オバマ旋風が日本列島を駆け抜けていった。総じてオバマ大統領の広島訪問とその言動は好意的に受け止められている。被爆者代表の坪井直・原水爆被害者団体協議会(日本被団協)代表委員は大統領と言葉を交わし、握手をして核廃絶に向かってともに戦いましょうとまで話していた。原爆投下命令を出した時のアメリカのハリー・トルーマン大統領の孫クリフトン・トルーマン・ダニエル氏も大統領のスピーチを「言うべきことを言った。期待通りだった」と高く評価していた。
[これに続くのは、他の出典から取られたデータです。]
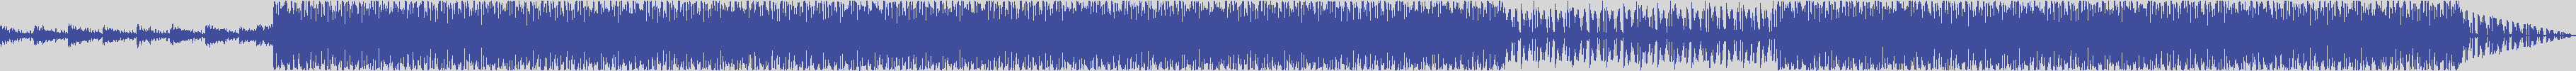 noclouds_chillout [NOC064] Itb Sea - Bond Page [Original Mix] audio wave form

大統領のスピーチの言葉に、「私たちはなぜ広島を訪れるのか。私たちはそう遠くない過去に解き放たれた恐ろしい力に思いをはせるために訪れるのです。10万人を超す日本人の男女、そして子どもたち、何千人もの朝鮮人、十数人のアメリカ人捕虜を含む死者を悼むために訪れるのです」。この「何千人もの朝鮮人」というフレーズを取り上げ、韓国政府は「韓国人犠牲者をアメリカ、日本の犠牲者たちと同等な立場で明確に言及したことは意味がある」と事前には批判的だったが、事後は納得したように思える談話を発表した。
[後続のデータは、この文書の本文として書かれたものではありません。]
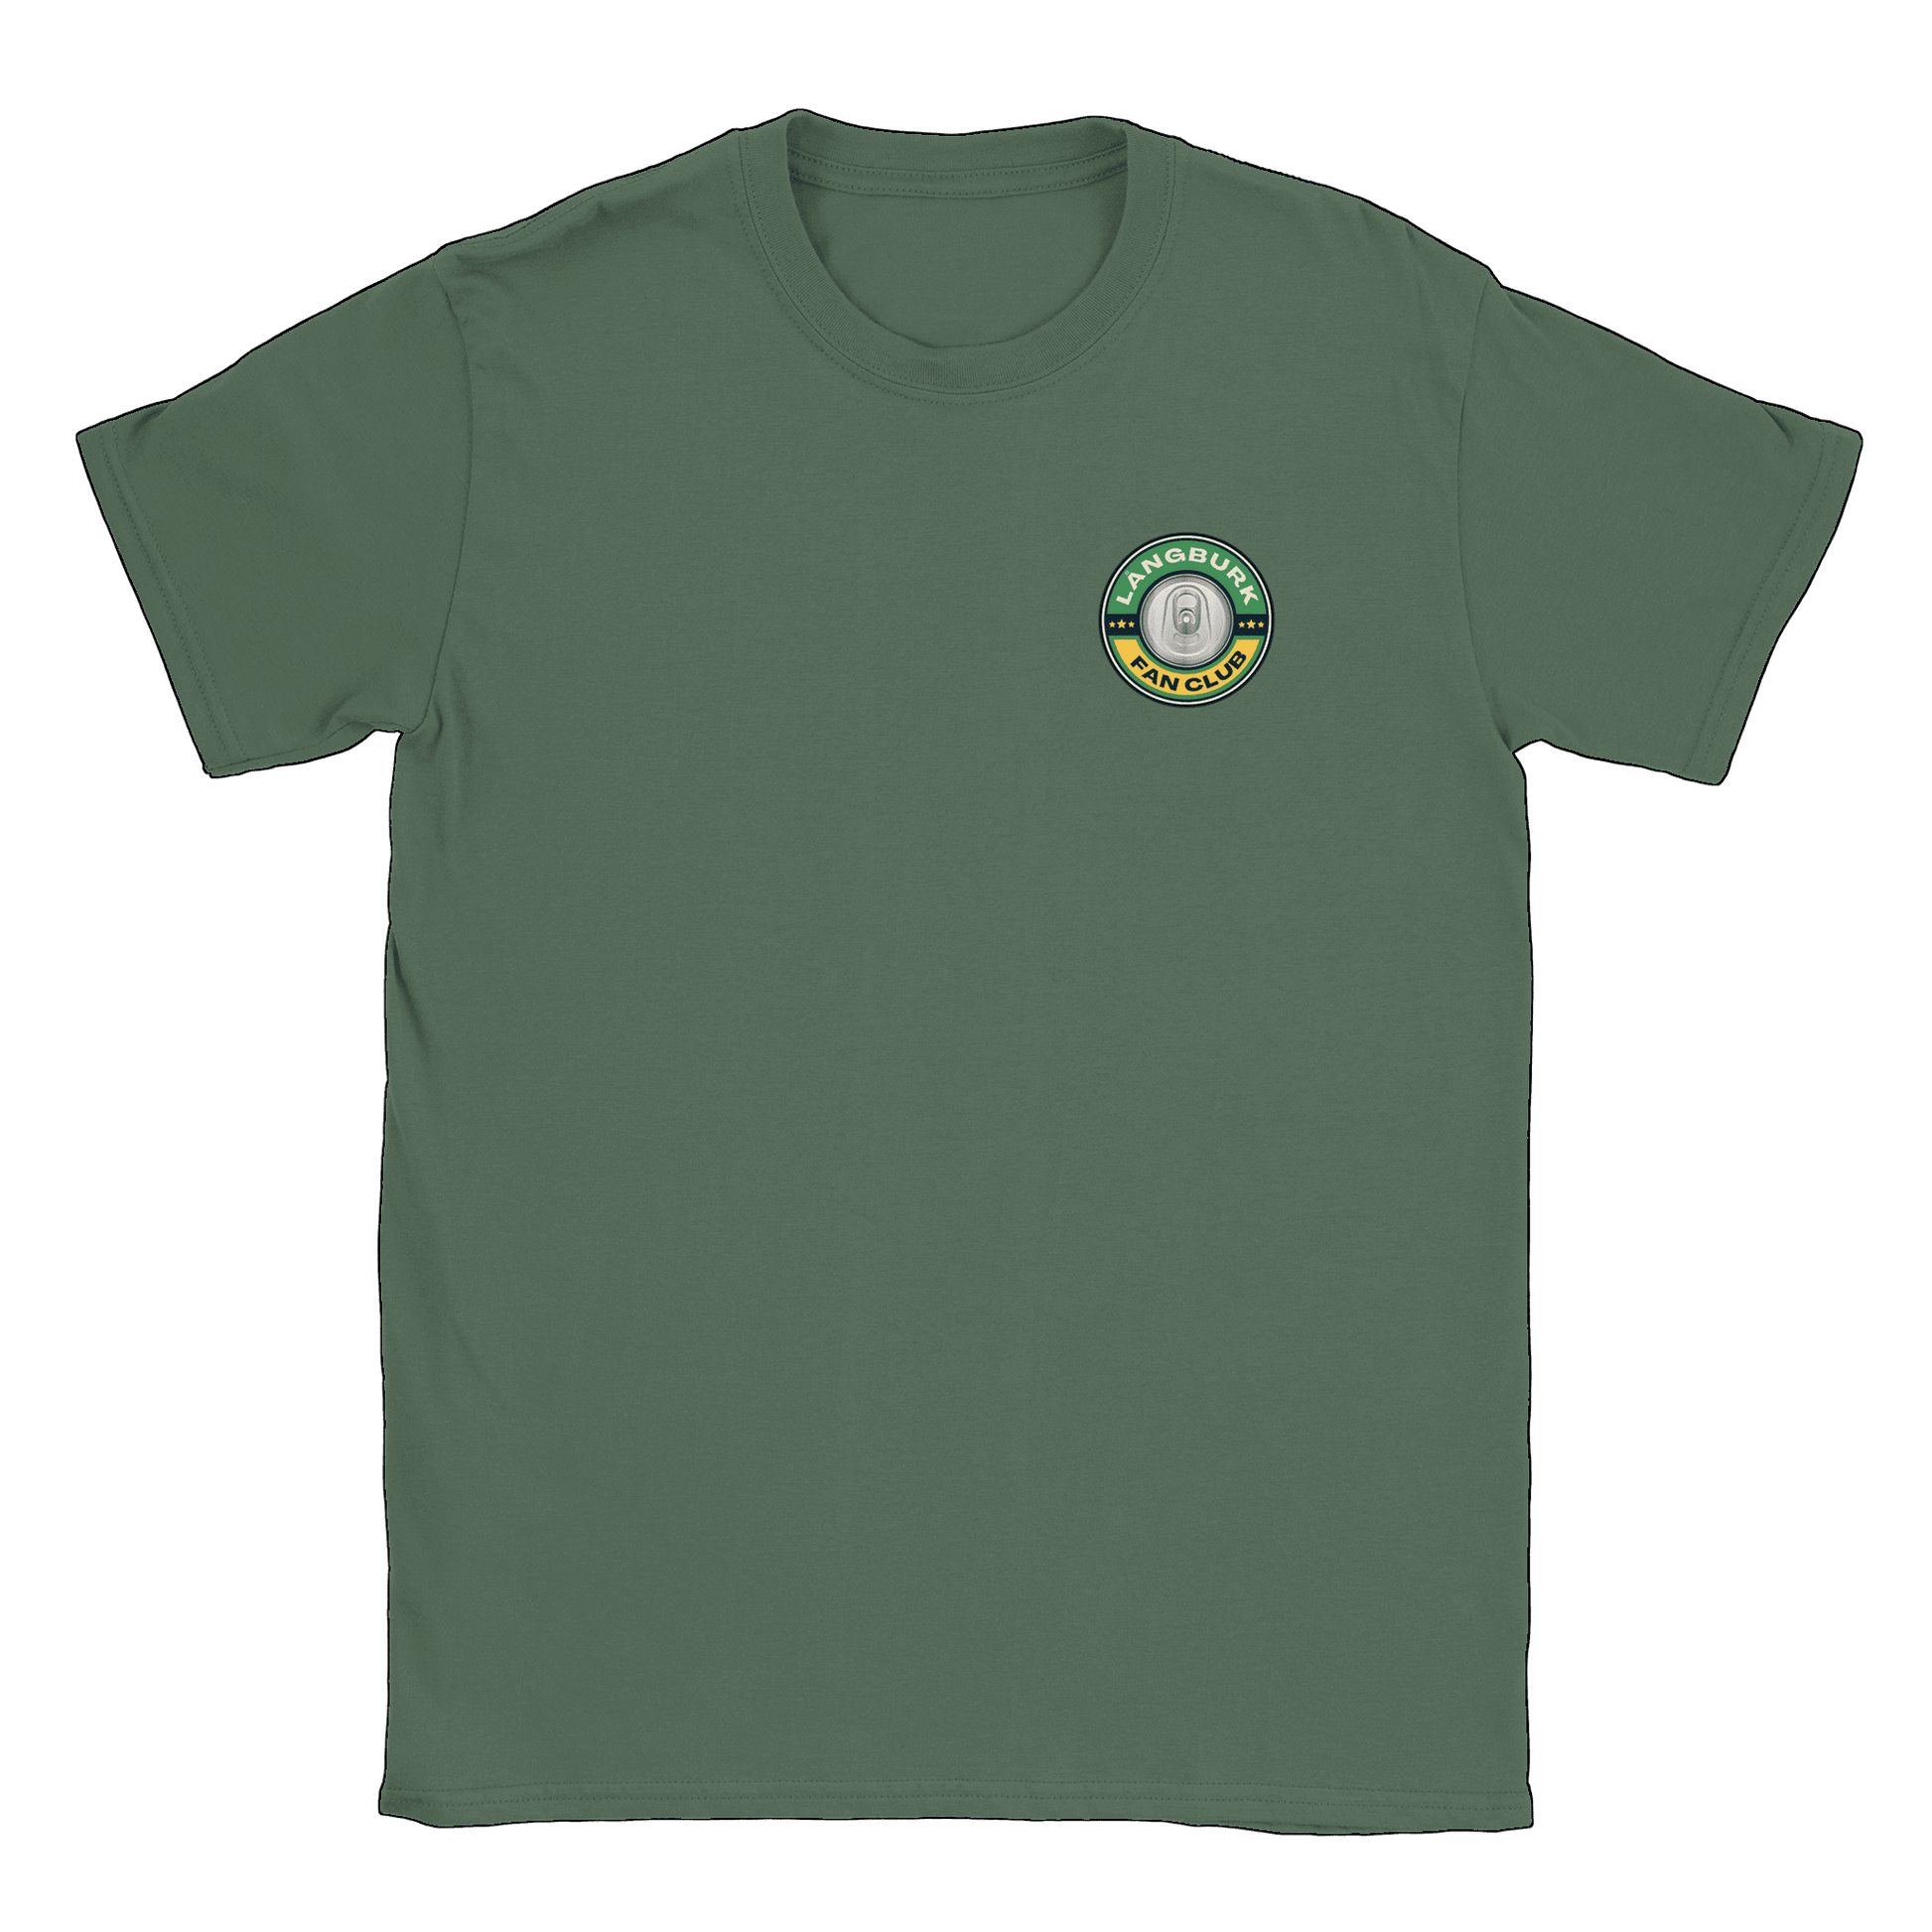 Långburk Fan Club liten - T-shirt Military Green

相変わらず反日的言動の強い中国は、公式に「南京事件を忘れてはならない。加害者は永遠にその責任から逃れることはできない」と厳しく述べて「世界で最も多くの核兵器を有するアメリカが核なき世界を呼びかけるのはナンセンス」と論評している。そうだろうか。多く有している国が発言するからより効果的なのではないだろうか。ところが、実は核兵器を最も多く所有しているのはアメリカではなくロシアであり、その一方で昨年核弾頭保有数が核保有国の中で唯一前年より増えたのが中国である。こうした非核化へ歩もうとしている時に逆行するように核兵器を増やし、自分たちには不利な事実には目をつぶり、相変わらず言いたい放題なのは中国らしいと言えば中国らしいコメントである。
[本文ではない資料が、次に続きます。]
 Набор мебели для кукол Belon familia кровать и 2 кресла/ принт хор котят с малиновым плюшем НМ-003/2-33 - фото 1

日本ではほぼ好意的な声が溢れているが、参考までに32歳の若い歴史社会学者、山本昭宏・神戸市外国大学准教授の幾分批判的な声を掲げたのも、リベラルぶった上から目線の朝日新聞らしい。その取材の発言要旨を取り上げておきたい。
山本氏は「被爆者がアメリカに恨みを抱くのはごく自然で、歓迎一色で反発や怒りが出てこなかったのが不思議である」と語り、大江健三郎や岡本太郎の言葉を引用し「われわれ自身が被爆者なのだ」と言い、戦後から50年代まで感情が表出せず、70年代になって「平和」の美名のもとに国民が取り込まれているとも述べている。今回の大統領訪問ではセレモニーだけでなく、現実に謝罪を求めるか、投下したことをどう思うかと問うべきで、原爆慰霊碑に献花したことで原爆問題は解決したとのイメージづくりに利用されてはならない、等々なるほどと納得することは少なからずある。しかし、失礼ながら山本氏の意見は察するに、まだ人生経験が足りず現場を知らず、取材が不十分に思われる。現実には非核化が叫ばれながら、未だにスタート地点にも立てないのは難問には山あり谷ありが当たり前で、事は一気に解決しないということを知るべきである。若い学者にはもっと漸進主義というものを知ってほしいと思う。